Missouri Slashes Budget for Dolly Parton’s Free Book Program, Forcing an Enrollment Freeze

Missouri Slashes Budget for Dolly Parton’s Free Book Program, Forcing an Enrollment Freeze

2026-05-30 politics

Jefferson City, Saturday, 30 May 2026.
Missouri slashed funding for Dolly Parton’s free book program, freezing new enrollments. Intriguingly, while cutting this early literacy initiative, lawmakers simultaneously boosted private school tuition subsidies by $10 million.

The Fiscal Reality of Missouri’s Budget Constraints

The Missouri state legislature recently reduced funding for Dolly Parton’s Imagination Library by 66.667 percent, dropping the allocation from $6 million in 2025 to $2 million for the upcoming fiscal year [1][2]. Because of this reduction, the Missouri Department of Elementary and Secondary Education announced that the program will stop accepting new children under the age of six beginning July 1, 2026 [1][2]. The program, which mails free books to children monthly, had seen rapid adoption since Missouri implemented it statewide in 2023 [1][2]. As of March 31, 2026, 169,032 children were actively enrolled, representing between 42 percent and 45 percent of the state’s eligible population [1][2].

Shifting Priorities in Education Funding

While early childhood literacy faces contraction, other educational initiatives are seeing substantial financial growth [2]. In the same 2026 budget that slashed the Imagination Library’s funding, the Missouri Empowerment Scholarship Fund—a program designed to subsidize private school tuition—received a $10 million increase [2]. This boost brings the scholarship fund’s dedicated general revenue to $60 million [2]. State Representative Patti Mansur, a Democrat from Kansas City serving on the House Committee on Children and Families, highlighted this discrepancy, noting that legislative rhetoric prioritizing children’s literacy in January often fails to align with the final funding allocations at the end of the session [2].

The Political Cost of Fiscal Dissent

The rejection of increased public school funding highlights the deepening ideological divides within the Missouri legislature [5]. Senator Hough, who frequently broke with party leadership to work across the aisle, faced significant political repercussions during his final session [4][5]. After voting against Republican efforts to limit debate on constitutional amendments and a gerrymandered congressional map during a Fall 2025 special session, Senate President Pro Tem Cindy O’Laughlin removed Hough from his powerful position as chair of the Senate Appropriations Committee [4][5]. This internal fracturing underscores how strict adherence to party lines is increasingly prioritizing specific fiscal conservatism over bipartisan educational investments [5].

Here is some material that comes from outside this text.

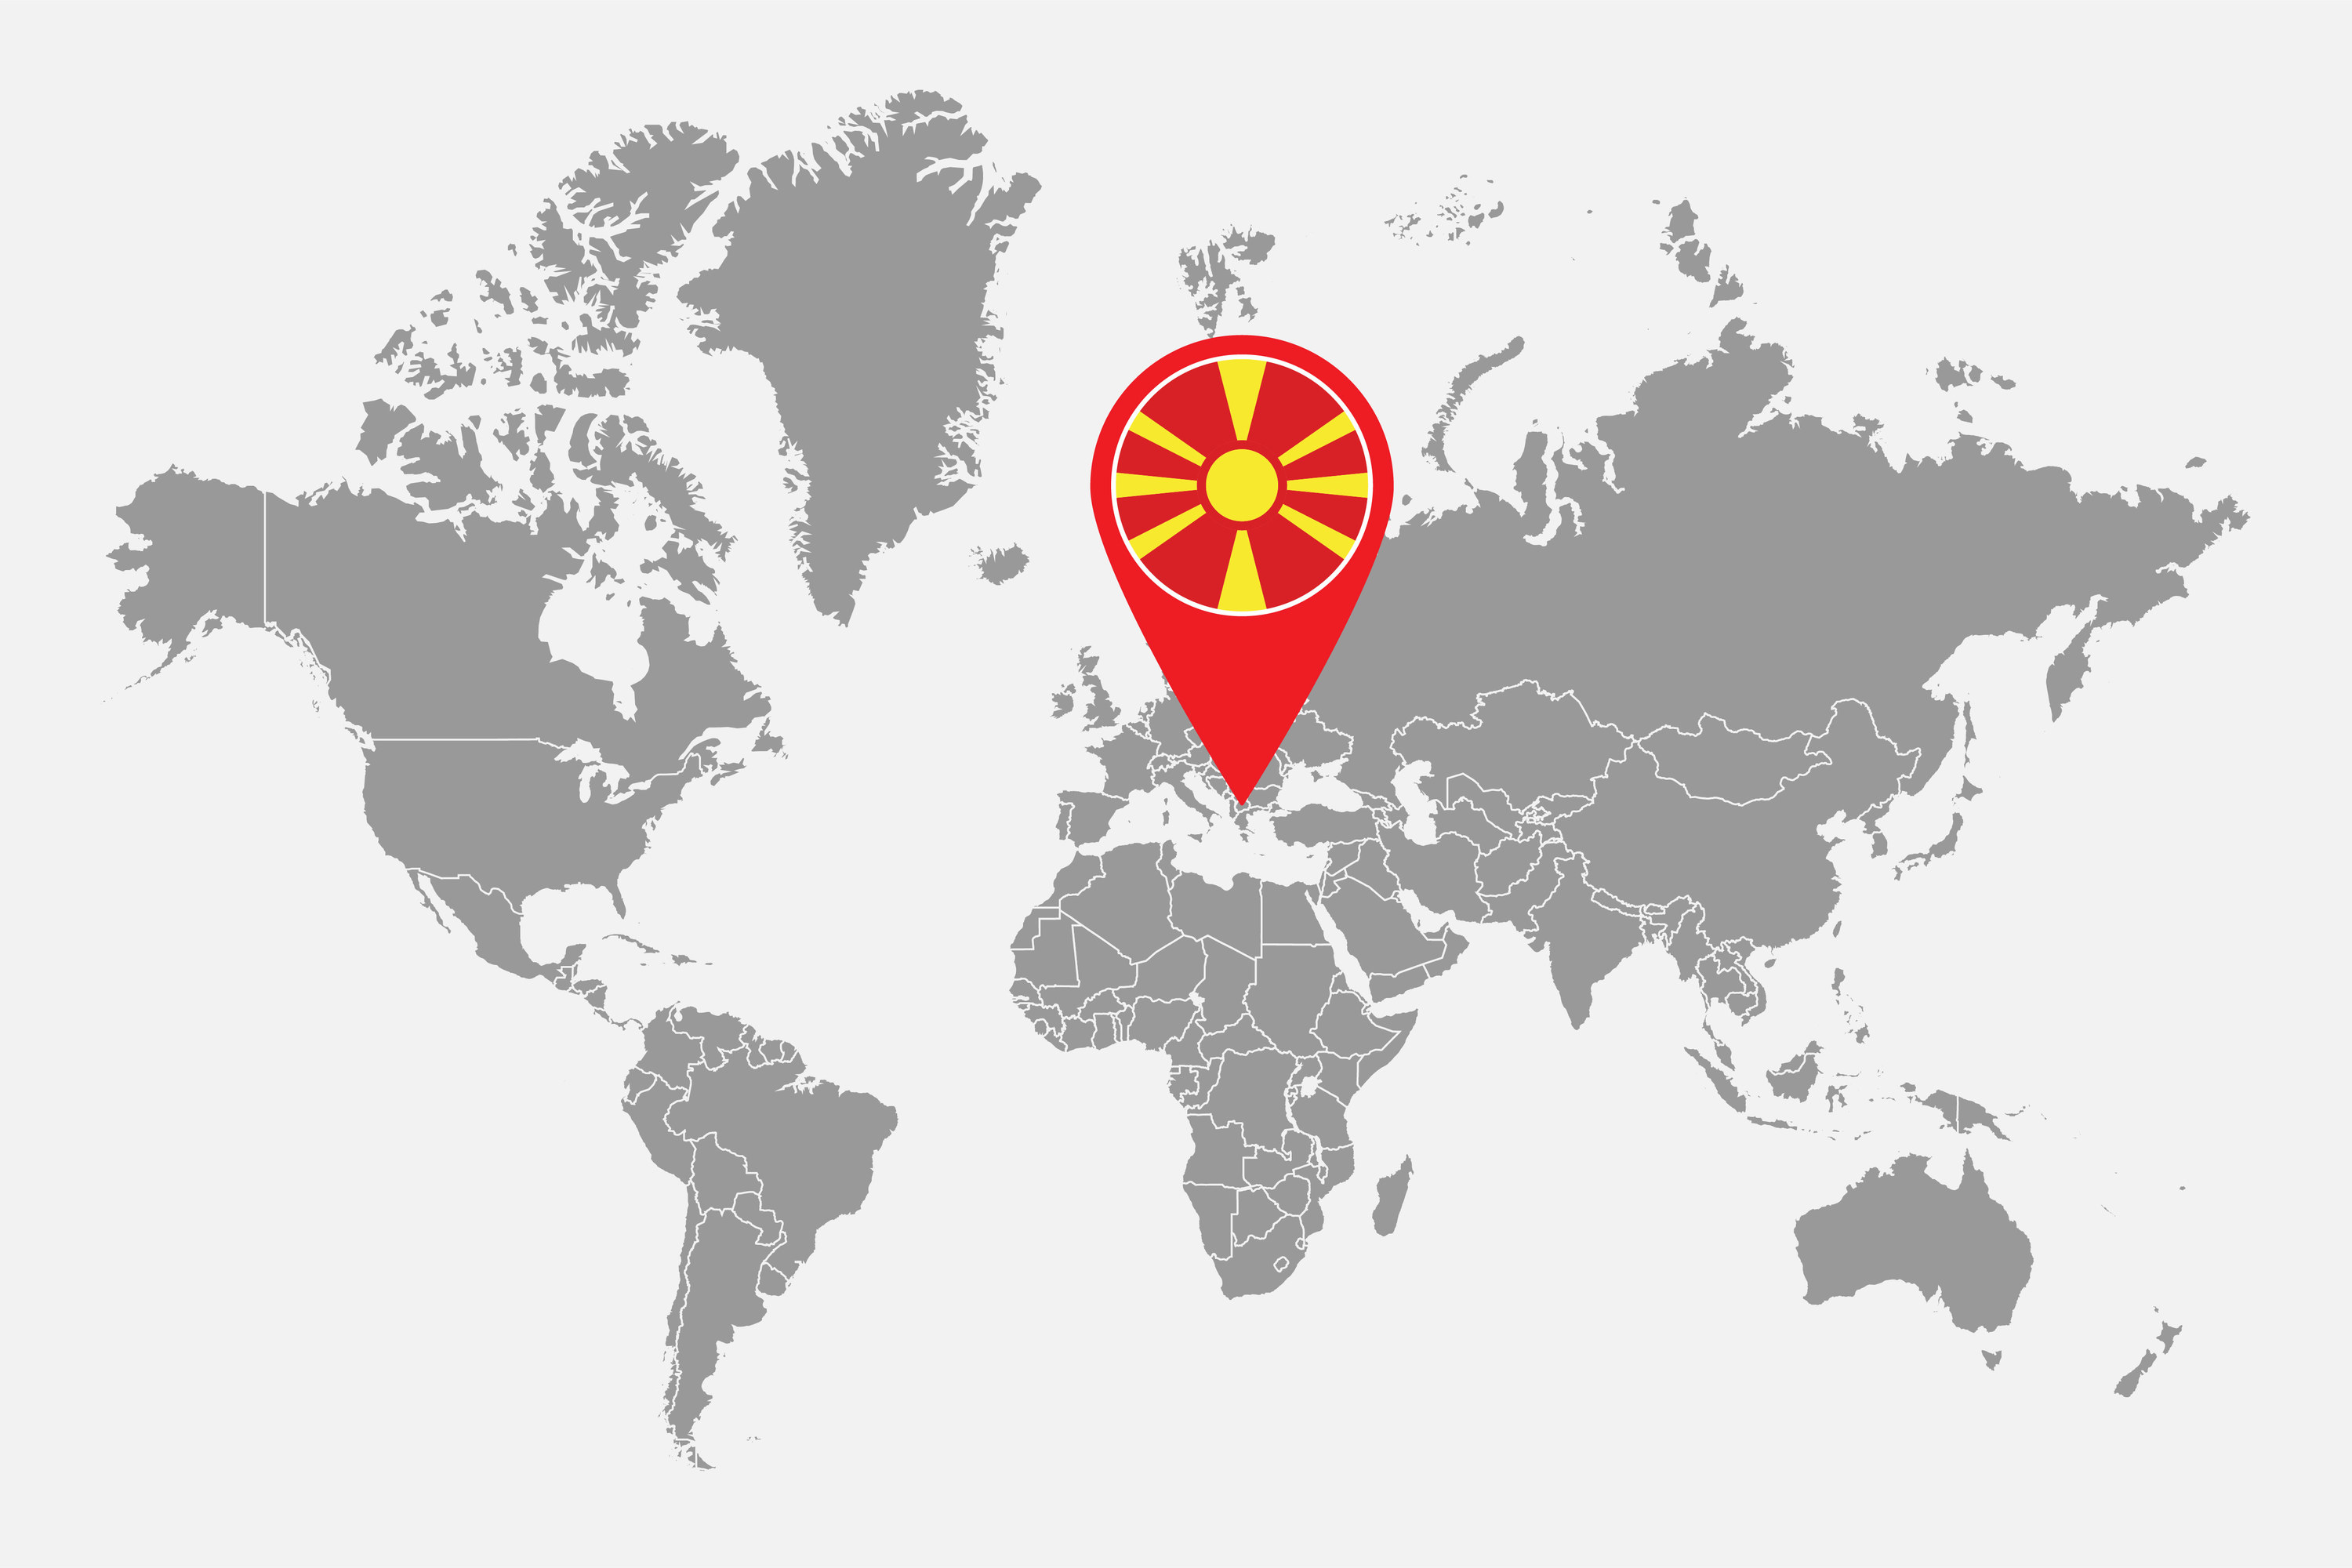 A world map with North Macedonia indicated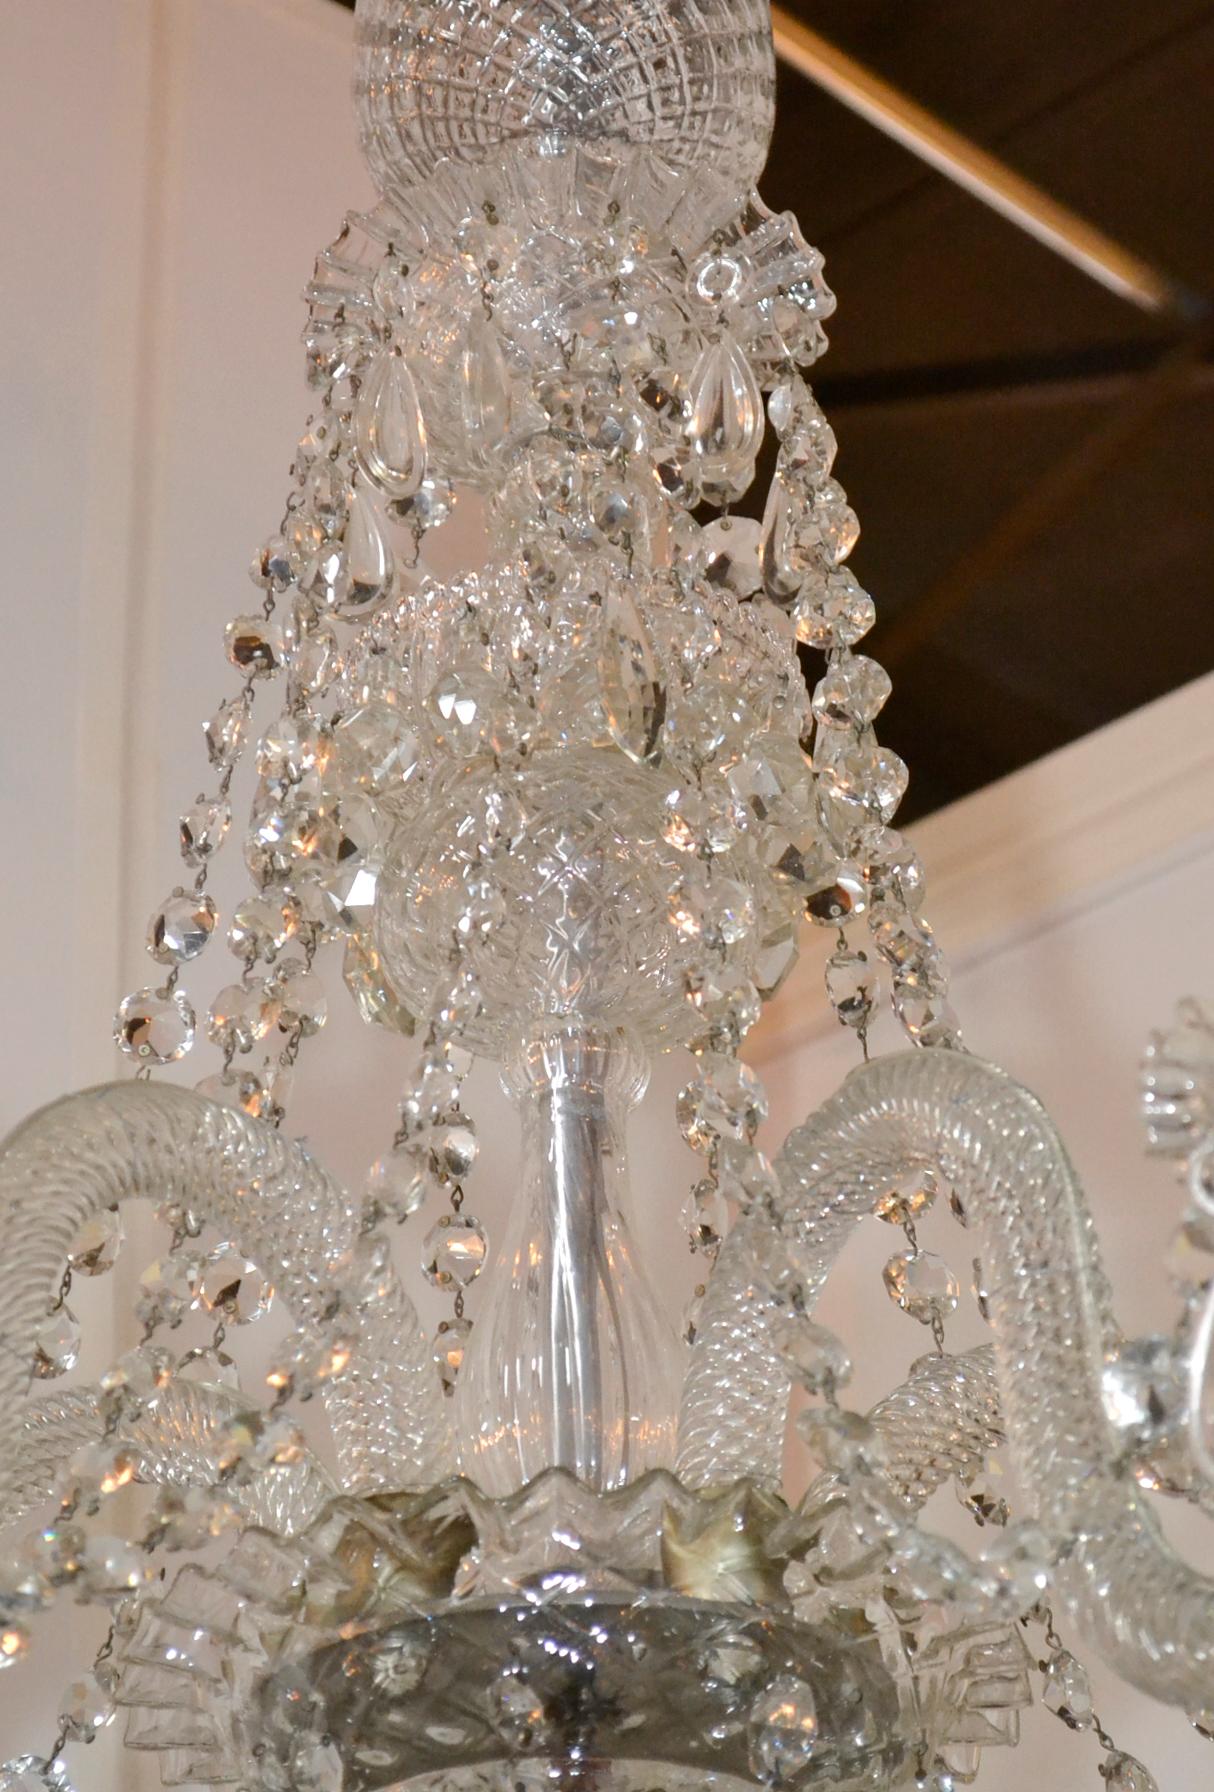 19th Century Baccarat Style Crystal Chandelier For Sale 1

The Burden Shifts to Local Communities

With state funding evaporating, the responsibility to maintain early childhood literacy programs is rapidly shifting to local municipalities and private nonprofits [1]. In Kansas City, where only 23 percent of third-graders are currently proficient in language arts compared to the 43 percent statewide average, the stakes are exceptionally high [1]. Kristin Droege, executive director of Turn the Page KC, emphasized that the Imagination Library provides parents with a reliable tool to integrate reading into daily life, helping ensure children do not arrive at kindergarten unprepared [1]. State officials have noted that while the state will halt new enrollments, local initiatives might be able to keep the program active in specific communities if they can secure independent funding [1].